It has been the work of fortunate circumstances, or a combination of circumstances—a succession of fortunate incidents of some kind—which give to any people a free government. It is a very difficult task to make a constitution to last, though it may be supposed by some that they can be made to order, and furnished at the shortest notice. Sir, this admirable Constitution of our own was the result of a fortunate combination of circumstances. It was superior to the wisdom of the men who made it. It was the force of circumstances which induced them to adopt most of its wise provisions. Well, sir, of the few nations who have the good fortune to adopt self-government, few have had the good fortune long to preserve that government; for it is harder to preserve than to form it.
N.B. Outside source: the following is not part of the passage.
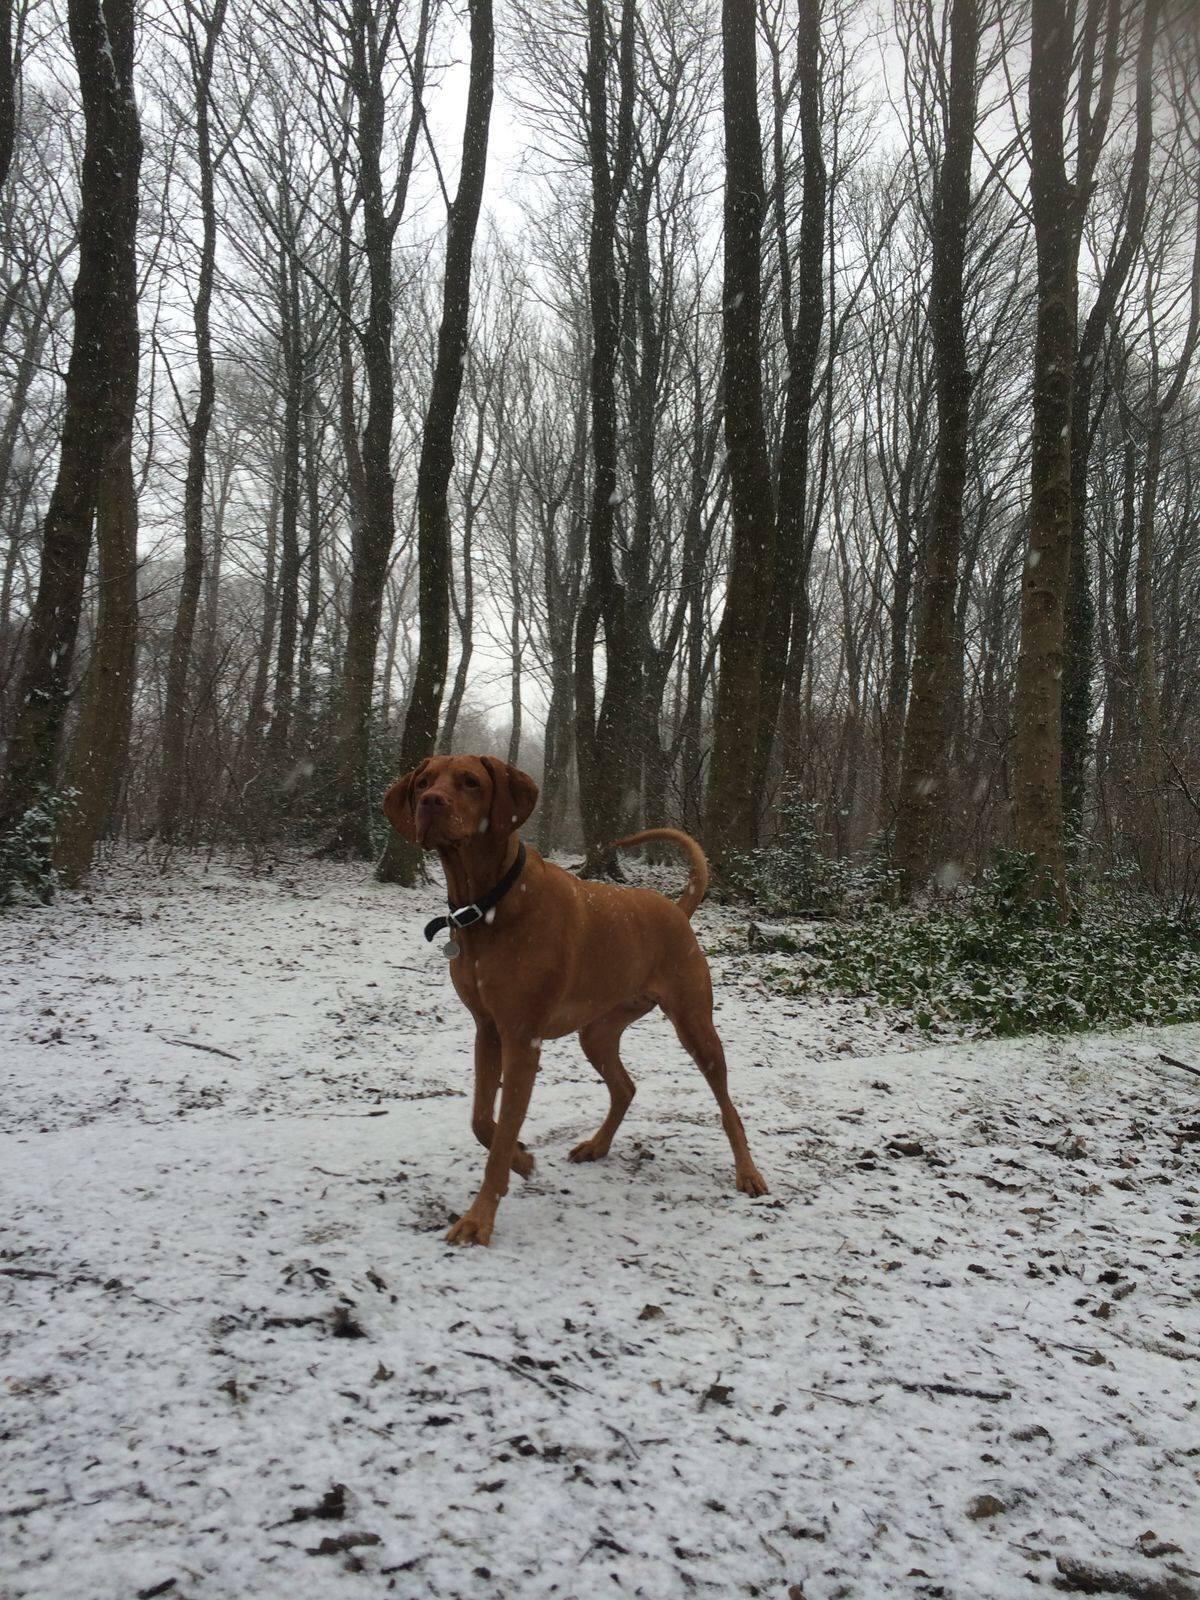 Kaya in the snow

Few people, after years of prosperity, remember the tenure by which their liberty is held; and I fear, Senators, that is our own condition. I fear that we shall continue to involve ourselves until our own system becomes a ruin. Sir, there is no solicitude now for liberty. Who talks of liberty when any great question comes up? Here is a question of the first magnitude as to the conduct of this war; do you hear anybody talk about its effect upon our liberties and our free institutions? No, sir. That was not the case formerly. In the early stages of our Government, the great anxiety was how to preserve liberty; the great anxiety now is for the attainment of mere military glory. In the one, we are forgetting the other. The maxim of former times was, that power is always stealing from the many to the few; the price of liberty was perpetual vigiliance. They were constantly looking out and watching for danger. Then, when any great question came up, the first inquiry was, how it could affect our free institutions—how it could affect our liberty. Not so now. Is it because there has been any decay of the spirit of liberty among the people? Not at all. I believe the love of liberty was never more ardent, but they have forgotten the tenure of liberty by which alone it is preserved.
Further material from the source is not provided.